• **Task**: The records below must be duplicated exactly, character for character.

Stored dataset items
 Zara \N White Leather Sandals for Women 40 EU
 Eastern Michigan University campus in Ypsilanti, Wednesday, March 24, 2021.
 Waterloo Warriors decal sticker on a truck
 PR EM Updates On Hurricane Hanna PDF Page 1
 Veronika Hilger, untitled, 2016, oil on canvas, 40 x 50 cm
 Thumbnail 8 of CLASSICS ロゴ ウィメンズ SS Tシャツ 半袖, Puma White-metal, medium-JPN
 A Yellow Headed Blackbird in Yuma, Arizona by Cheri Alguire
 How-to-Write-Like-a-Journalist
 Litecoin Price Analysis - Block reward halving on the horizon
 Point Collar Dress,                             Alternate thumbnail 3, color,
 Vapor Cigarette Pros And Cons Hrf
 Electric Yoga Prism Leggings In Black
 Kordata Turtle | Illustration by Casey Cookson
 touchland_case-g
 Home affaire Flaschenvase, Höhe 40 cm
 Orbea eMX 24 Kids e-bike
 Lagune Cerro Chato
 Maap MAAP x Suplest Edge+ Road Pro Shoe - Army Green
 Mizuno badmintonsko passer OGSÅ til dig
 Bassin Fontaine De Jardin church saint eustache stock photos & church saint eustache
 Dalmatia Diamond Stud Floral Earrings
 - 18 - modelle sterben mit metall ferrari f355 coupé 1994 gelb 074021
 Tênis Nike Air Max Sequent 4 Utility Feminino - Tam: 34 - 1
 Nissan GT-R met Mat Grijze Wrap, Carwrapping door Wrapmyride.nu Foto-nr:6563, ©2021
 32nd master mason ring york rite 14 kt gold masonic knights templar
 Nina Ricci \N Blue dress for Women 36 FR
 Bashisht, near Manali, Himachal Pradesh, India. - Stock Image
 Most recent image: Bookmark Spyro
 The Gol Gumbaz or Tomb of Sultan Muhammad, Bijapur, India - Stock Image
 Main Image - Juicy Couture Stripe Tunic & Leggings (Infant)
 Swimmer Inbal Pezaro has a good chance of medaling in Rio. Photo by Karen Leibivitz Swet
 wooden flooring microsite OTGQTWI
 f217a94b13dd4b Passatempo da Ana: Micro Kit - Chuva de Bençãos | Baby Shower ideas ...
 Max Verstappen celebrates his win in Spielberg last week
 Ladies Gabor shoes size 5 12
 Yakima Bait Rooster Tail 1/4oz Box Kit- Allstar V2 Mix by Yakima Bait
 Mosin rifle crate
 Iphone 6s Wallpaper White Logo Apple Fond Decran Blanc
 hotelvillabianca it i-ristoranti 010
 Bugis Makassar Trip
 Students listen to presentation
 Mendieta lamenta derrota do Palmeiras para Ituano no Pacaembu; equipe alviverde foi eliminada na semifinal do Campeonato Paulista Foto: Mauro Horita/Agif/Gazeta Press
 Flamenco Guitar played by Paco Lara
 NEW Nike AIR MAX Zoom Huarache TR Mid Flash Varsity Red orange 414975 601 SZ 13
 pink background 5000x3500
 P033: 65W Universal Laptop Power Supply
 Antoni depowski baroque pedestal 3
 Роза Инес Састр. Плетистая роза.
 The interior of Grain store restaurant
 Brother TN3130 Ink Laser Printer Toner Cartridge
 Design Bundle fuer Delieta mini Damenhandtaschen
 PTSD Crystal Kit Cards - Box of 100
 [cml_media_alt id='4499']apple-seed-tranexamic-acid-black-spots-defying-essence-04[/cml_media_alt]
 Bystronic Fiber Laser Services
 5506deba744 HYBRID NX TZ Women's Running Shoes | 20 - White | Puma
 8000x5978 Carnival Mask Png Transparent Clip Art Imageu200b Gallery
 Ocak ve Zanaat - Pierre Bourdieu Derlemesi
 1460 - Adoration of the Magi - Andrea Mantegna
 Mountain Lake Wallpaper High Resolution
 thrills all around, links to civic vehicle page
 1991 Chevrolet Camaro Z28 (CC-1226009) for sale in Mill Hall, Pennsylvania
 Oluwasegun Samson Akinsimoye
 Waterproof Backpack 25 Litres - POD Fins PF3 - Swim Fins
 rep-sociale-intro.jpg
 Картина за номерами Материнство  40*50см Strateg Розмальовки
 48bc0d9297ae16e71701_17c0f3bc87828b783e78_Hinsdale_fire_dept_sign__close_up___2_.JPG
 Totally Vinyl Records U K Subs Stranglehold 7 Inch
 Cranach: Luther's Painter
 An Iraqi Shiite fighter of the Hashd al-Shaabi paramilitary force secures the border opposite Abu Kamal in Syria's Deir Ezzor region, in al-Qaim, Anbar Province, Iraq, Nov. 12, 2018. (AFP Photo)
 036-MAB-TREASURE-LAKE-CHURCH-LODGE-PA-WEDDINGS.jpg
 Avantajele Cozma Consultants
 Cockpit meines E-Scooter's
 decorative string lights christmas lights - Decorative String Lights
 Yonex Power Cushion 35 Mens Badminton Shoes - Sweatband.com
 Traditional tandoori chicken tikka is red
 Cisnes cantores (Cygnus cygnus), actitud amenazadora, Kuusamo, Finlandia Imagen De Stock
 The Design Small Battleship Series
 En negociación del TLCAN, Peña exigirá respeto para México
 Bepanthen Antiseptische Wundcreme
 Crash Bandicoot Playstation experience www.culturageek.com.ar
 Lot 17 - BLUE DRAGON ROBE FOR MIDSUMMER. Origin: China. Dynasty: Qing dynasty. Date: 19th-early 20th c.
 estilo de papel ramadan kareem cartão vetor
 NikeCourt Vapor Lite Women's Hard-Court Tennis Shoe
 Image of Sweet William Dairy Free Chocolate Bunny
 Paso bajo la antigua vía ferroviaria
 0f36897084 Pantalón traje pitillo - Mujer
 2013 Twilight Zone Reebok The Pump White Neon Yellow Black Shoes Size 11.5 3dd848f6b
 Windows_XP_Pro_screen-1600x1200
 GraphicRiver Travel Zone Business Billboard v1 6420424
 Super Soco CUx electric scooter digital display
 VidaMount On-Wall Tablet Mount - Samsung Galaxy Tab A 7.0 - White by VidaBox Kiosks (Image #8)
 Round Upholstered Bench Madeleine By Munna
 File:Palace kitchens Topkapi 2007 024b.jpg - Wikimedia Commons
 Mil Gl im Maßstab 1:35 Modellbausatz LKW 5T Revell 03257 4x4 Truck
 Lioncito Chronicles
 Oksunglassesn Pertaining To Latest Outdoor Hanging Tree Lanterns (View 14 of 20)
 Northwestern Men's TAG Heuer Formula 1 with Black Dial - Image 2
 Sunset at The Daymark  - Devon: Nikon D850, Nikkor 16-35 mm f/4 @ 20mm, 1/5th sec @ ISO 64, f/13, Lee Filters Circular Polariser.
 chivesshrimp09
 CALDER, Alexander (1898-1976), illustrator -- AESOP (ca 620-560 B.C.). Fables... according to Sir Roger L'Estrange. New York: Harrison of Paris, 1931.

• **Answer area**:
 Zara \N White Leather Sandals for Women 40 EU
 Eastern Michigan University campus in Ypsilanti, Wednesday, March 24, 2021.
 Waterloo Warriors decal sticker on a truck
 PR EM Updates On Hurricane Hanna PDF Page 1
 Veronika Hilger, untitled, 2016, oil on canvas, 40 x 50 cm
 Thumbnail 8 of CLASSICS ロゴ ウィメンズ SS Tシャツ 半袖, Puma White-metal, medium-JPN
 A Yellow Headed Blackbird in Yuma, Arizona by Cheri Alguire
 How-to-Write-Like-a-Journalist
 Litecoin Price Analysis - Block reward halving on the horizon
 Point Collar Dress,                             Alternate thumbnail 3, color,
 Vapor Cigarette Pros And Cons Hrf
 Electric Yoga Prism Leggings In Black
 Kordata Turtle | Illustration by Casey Cookson
 touchland_case-g
 Home affaire Flaschenvase, Höhe 40 cm
 Orbea eMX 24 Kids e-bike
 Lagune Cerro Chato
 Maap MAAP x Suplest Edge+ Road Pro Shoe - Army Green
 Mizuno badmintonsko passer OGSÅ til dig
 Bassin Fontaine De Jardin church saint eustache stock photos & church saint eustache
 Dalmatia Diamond Stud Floral Earrings
 - 18 - modelle sterben mit metall ferrari f355 coupé 1994 gelb 074021
 Tênis Nike Air Max Sequent 4 Utility Feminino - Tam: 34 - 1
 Nissan GT-R met Mat Grijze Wrap, Carwrapping door Wrapmyride.nu Foto-nr:6563, ©2021
 32nd master mason ring york rite 14 kt gold masonic knights templar
 Nina Ricci \N Blue dress for Women 36 FR
 Bashisht, near Manali, Himachal Pradesh, India. - Stock Image
 Most recent image: Bookmark Spyro
 The Gol Gumbaz or Tomb of Sultan Muhammad, Bijapur, India - Stock Image
 Main Image - Juicy Couture Stripe Tunic & Leggings (Infant)
 Swimmer Inbal Pezaro has a good chance of medaling in Rio. Photo by Karen Leibivitz Swet
 wooden flooring microsite OTGQTWI
 f217a94b13dd4b Passatempo da Ana: Micro Kit - Chuva de Bençãos | Baby Shower ideas ...
 Max Verstappen celebrates his win in Spielberg last week
 Ladies Gabor shoes size 5 12
 Yakima Bait Rooster Tail 1/4oz Box Kit- Allstar V2 Mix by Yakima Bait
 Mosin rifle crate
 Iphone 6s Wallpaper White Logo Apple Fond Decran Blanc
 hotelvillabianca it i-ristoranti 010
 Bugis Makassar Trip
 Students listen to presentation
 Mendieta lamenta derrota do Palmeiras para Ituano no Pacaembu; equipe alviverde foi eliminada na semifinal do Campeonato Paulista Foto: Mauro Horita/Agif/Gazeta Press
 Flamenco Guitar played by Paco Lara
 NEW Nike AIR MAX Zoom Huarache TR Mid Flash Varsity Red orange 414975 601 SZ 13
 pink background 5000x3500
 P033: 65W Universal Laptop Power Supply
 Antoni depowski baroque pedestal 3
 Роза Инес Састр. Плетистая роза.
 The interior of Grain store restaurant
 Brother TN3130 Ink Laser Printer Toner Cartridge
 Design Bundle fuer Delieta mini Damenhandtaschen
 PTSD Crystal Kit Cards - Box of 100
 [cml_media_alt id='4499']apple-seed-tranexamic-acid-black-spots-defying-essence-04[/cml_media_alt]
 Bystronic Fiber Laser Services
 5506deba744 HYBRID NX TZ Women's Running Shoes | 20 - White | Puma
 8000x5978 Carnival Mask Png Transparent Clip Art Imageu200b Gallery
 Ocak ve Zanaat - Pierre Bourdieu Derlemesi
 1460 - Adoration of the Magi - Andrea Mantegna
 Mountain Lake Wallpaper High Resolution
 thrills all around, links to civic vehicle page
 1991 Chevrolet Camaro Z28 (CC-1226009) for sale in Mill Hall, Pennsylvania
 Oluwasegun Samson Akinsimoye
 Waterproof Backpack 25 Litres - POD Fins PF3 - Swim Fins
 rep-sociale-intro.jpg
 Картина за номерами Материнство  40*50см Strateg Розмальовки
 48bc0d9297ae16e71701_17c0f3bc87828b783e78_Hinsdale_fire_dept_sign__close_up___2_.JPG
 Totally Vinyl Records U K Subs Stranglehold 7 Inch
 Cranach: Luther's Painter
 An Iraqi Shiite fighter of the Hashd al-Shaabi paramilitary force secures the border opposite Abu Kamal in Syria's Deir Ezzor region, in al-Qaim, Anbar Province, Iraq, Nov. 12, 2018. (AFP Photo)
 036-MAB-TREASURE-LAKE-CHURCH-LODGE-PA-WEDDINGS.jpg
 Avantajele Cozma Consultants
 Cockpit meines E-Scooter's
 decorative string lights christmas lights - Decorative String Lights
 Yonex Power Cushion 35 Mens Badminton Shoes - Sweatband.com
 Traditional tandoori chicken tikka is red
 Cisnes cantores (Cygnus cygnus), actitud amenazadora, Kuusamo, Finlandia Imagen De Stock
 The Design Small Battleship Series
 En negociación del TLCAN, Peña exigirá respeto para México
 Bepanthen Antiseptische Wundcreme
 Crash Bandicoot Playstation experience www.culturageek.com.ar
 Lot 17 - BLUE DRAGON ROBE FOR MIDSUMMER. Origin: China. Dynasty: Qing dynasty. Date: 19th-early 20th c.
 estilo de papel ramadan kareem cartão vetor
 NikeCourt Vapor Lite Women's Hard-Court Tennis Shoe
 Image of Sweet William Dairy Free Chocolate Bunny
 Paso bajo la antigua vía ferroviaria
 0f36897084 Pantalón traje pitillo - Mujer
 2013 Twilight Zone Reebok The Pump White Neon Yellow Black Shoes Size 11.5 3dd848f6b
 Windows_XP_Pro_screen-1600x1200
 GraphicRiver Travel Zone Business Billboard v1 6420424
 Super Soco CUx electric scooter digital display
 VidaMount On-Wall Tablet Mount - Samsung Galaxy Tab A 7.0 - White by VidaBox Kiosks (Image #8)
 Round Upholstered Bench Madeleine By Munna
 File:Palace kitchens Topkapi 2007 024b.jpg - Wikimedia Commons
 Mil Gl im Maßstab 1:35 Modellbausatz LKW 5T Revell 03257 4x4 Truck
 Lioncito Chronicles
 Oksunglassesn Pertaining To Latest Outdoor Hanging Tree Lanterns (View 14 of 20)
 Northwestern Men's TAG Heuer Formula 1 with Black Dial - Image 2
 Sunset at The Daymark  - Devon: Nikon D850, Nikkor 16-35 mm f/4 @ 20mm, 1/5th sec @ ISO 64, f/13, Lee Filters Circular Polariser.
 chivesshrimp09
 CALDER, Alexander (1898-1976), illustrator -- AESOP (ca 620-560 B.C.). Fables... according to Sir Roger L'Estrange. New York: Harrison of Paris, 1931.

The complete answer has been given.